How do you run a single funnel test across stripe vs braintree vs paddle and still trust the numbers?

I’m trying to answer a simple question: which gateway fits our subscription app best by country and channel. We moved onboarding and checkout to the web so I can route traffic and make changes without releases.

Current setup: one funnel, gateway assigned at session start on the server. UTMs are captured at entry and sent through checkout metadata so we can roll up performance by campaign and gateway. Users keep the same assignment on every visit.

What I measure each day: submit rate, 3DS step up rate, authorization rate, latency to auth, wallet usage (Apple Pay, Google Pay), local methods share (iDEAL, SEPA, PIX), effective fee rate after FX and cross border, refund and chargeback rate, decline codes, retry recovery, and customer support tickets tied to gateway.

Post purchase, we sync web purchases to the app through Adapty or RevenueCat so entitlements are instant. That lets me compare trial starts, cancels, and win back outcomes by gateway, not just first charge.

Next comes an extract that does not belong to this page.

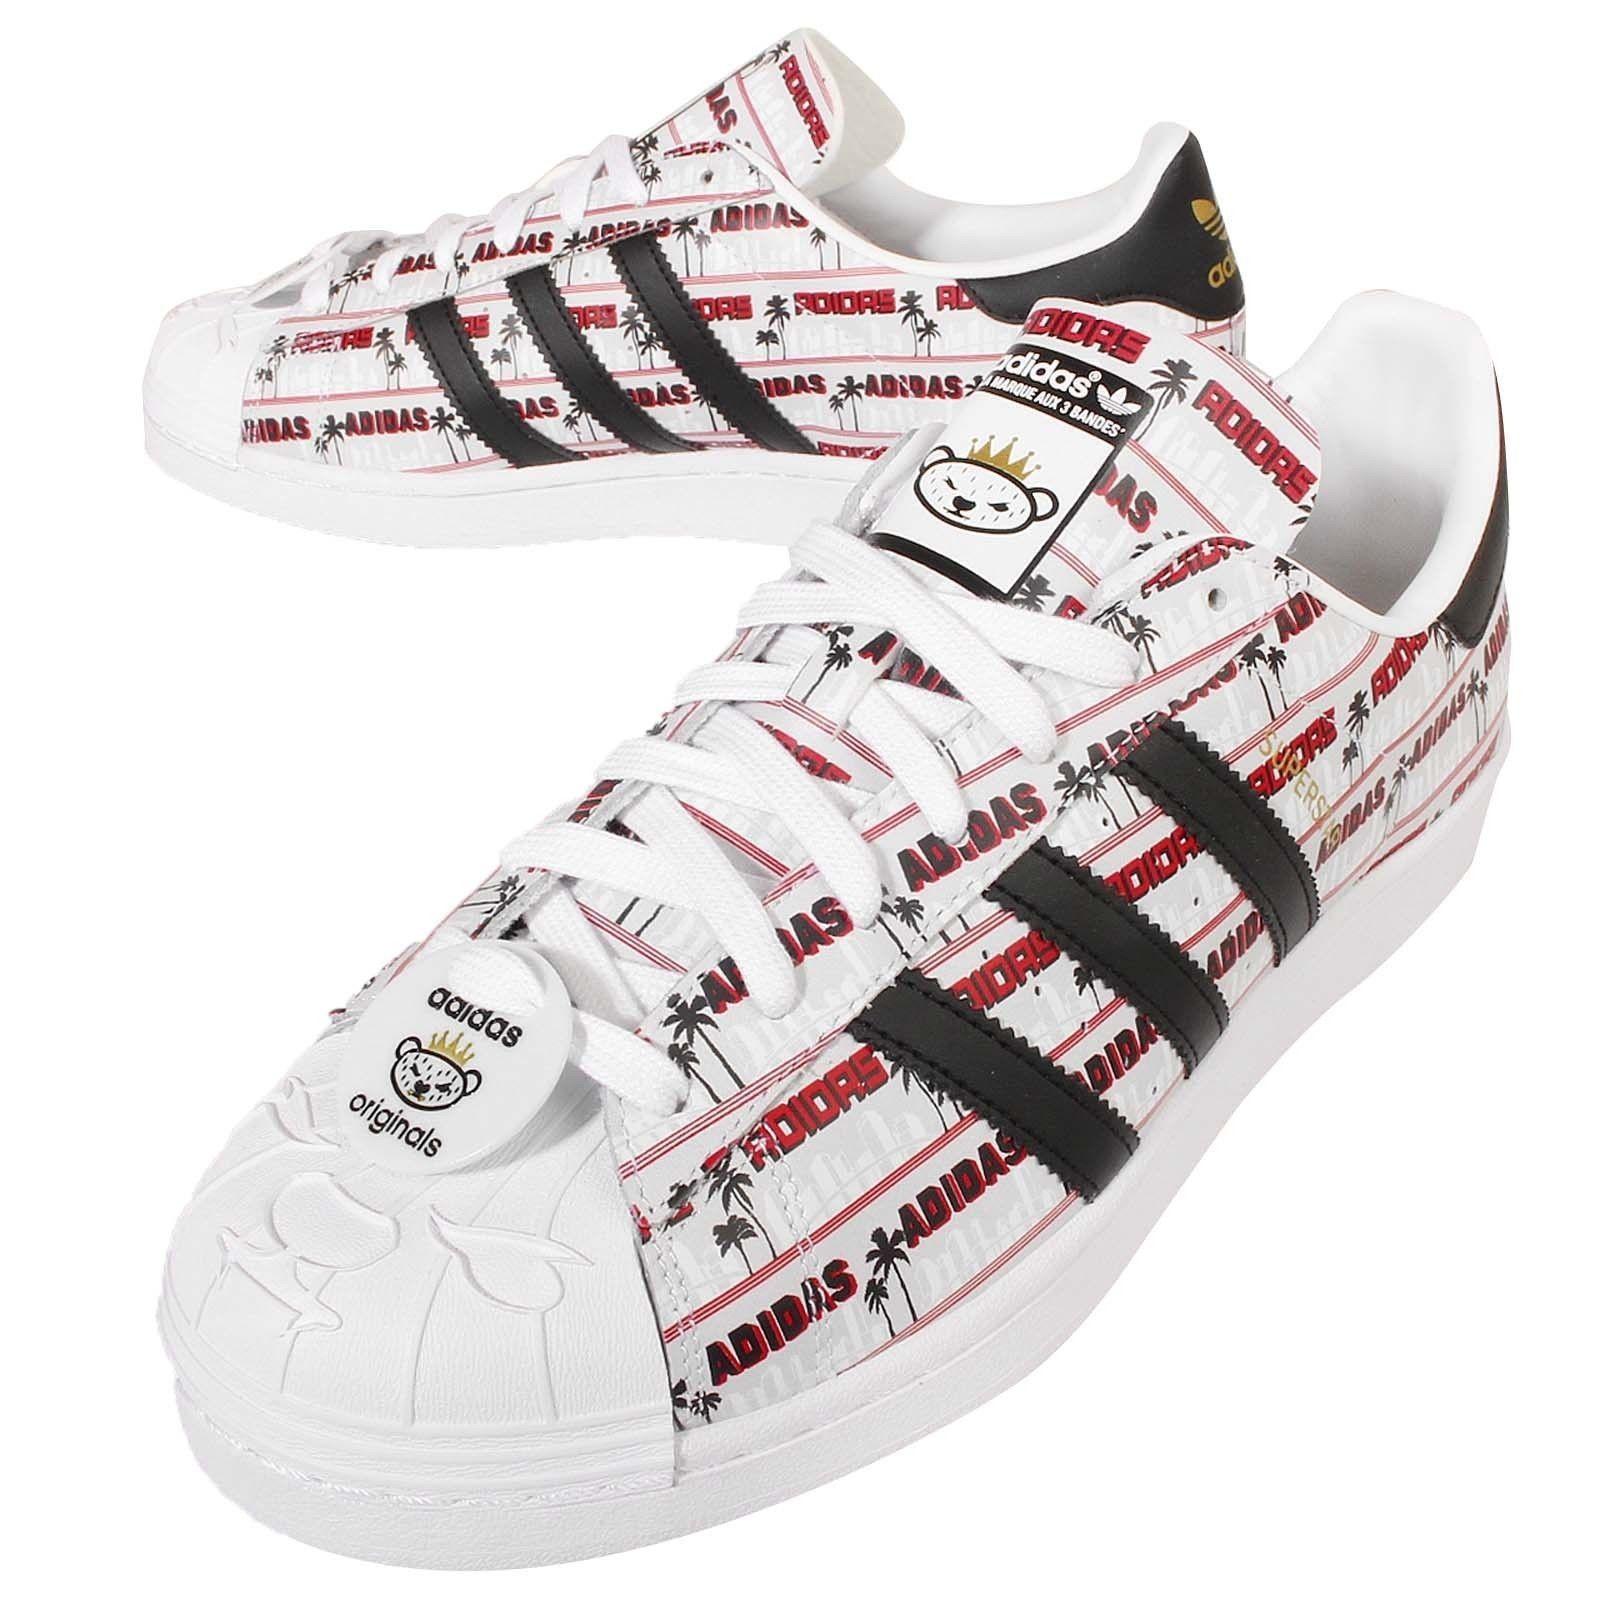 2016 Adidas Superstar Klassisch Originals NIGO Bearfoot Herren Sport Schuhe  NIGO… NigoAdidas SuperstarAdidas OriginalsSneakerHerrinClassicRedSlippers  ...

Caveats I hit: failover can pollute data, so I only fail over after a hard outage and tag it. Free trial vs paid upfront changes auth behavior. Some issuers force 3DS differently by gateway. BIN and region routing matter a lot.

What am I missing to make this a fair bake off? Any pitfalls with Paddle vs Stripe vs Braintree in subscriptions that only show up after month two?

I’d lock assignment server side and keep a simple event log. Pass UTM and gateway into payment metadata. Track auth rate, step up, decline code families, and net after fees daily.

I used Web2Wave.com to wire this fast. Their web funnel let me swap gateways and copy without a new build. That let me fix issues in hours instead of releases.

I treat it like sprints. One web funnel, routing rules by country and channel, ship changes hourly. With Web2Wave.com, copy and pricing updates go live in the app shell instantly. I watch net revenue per click and auth rate daily, then shift budget to the winning cell.

Keep users on one gateway for the whole test or you will get messy data.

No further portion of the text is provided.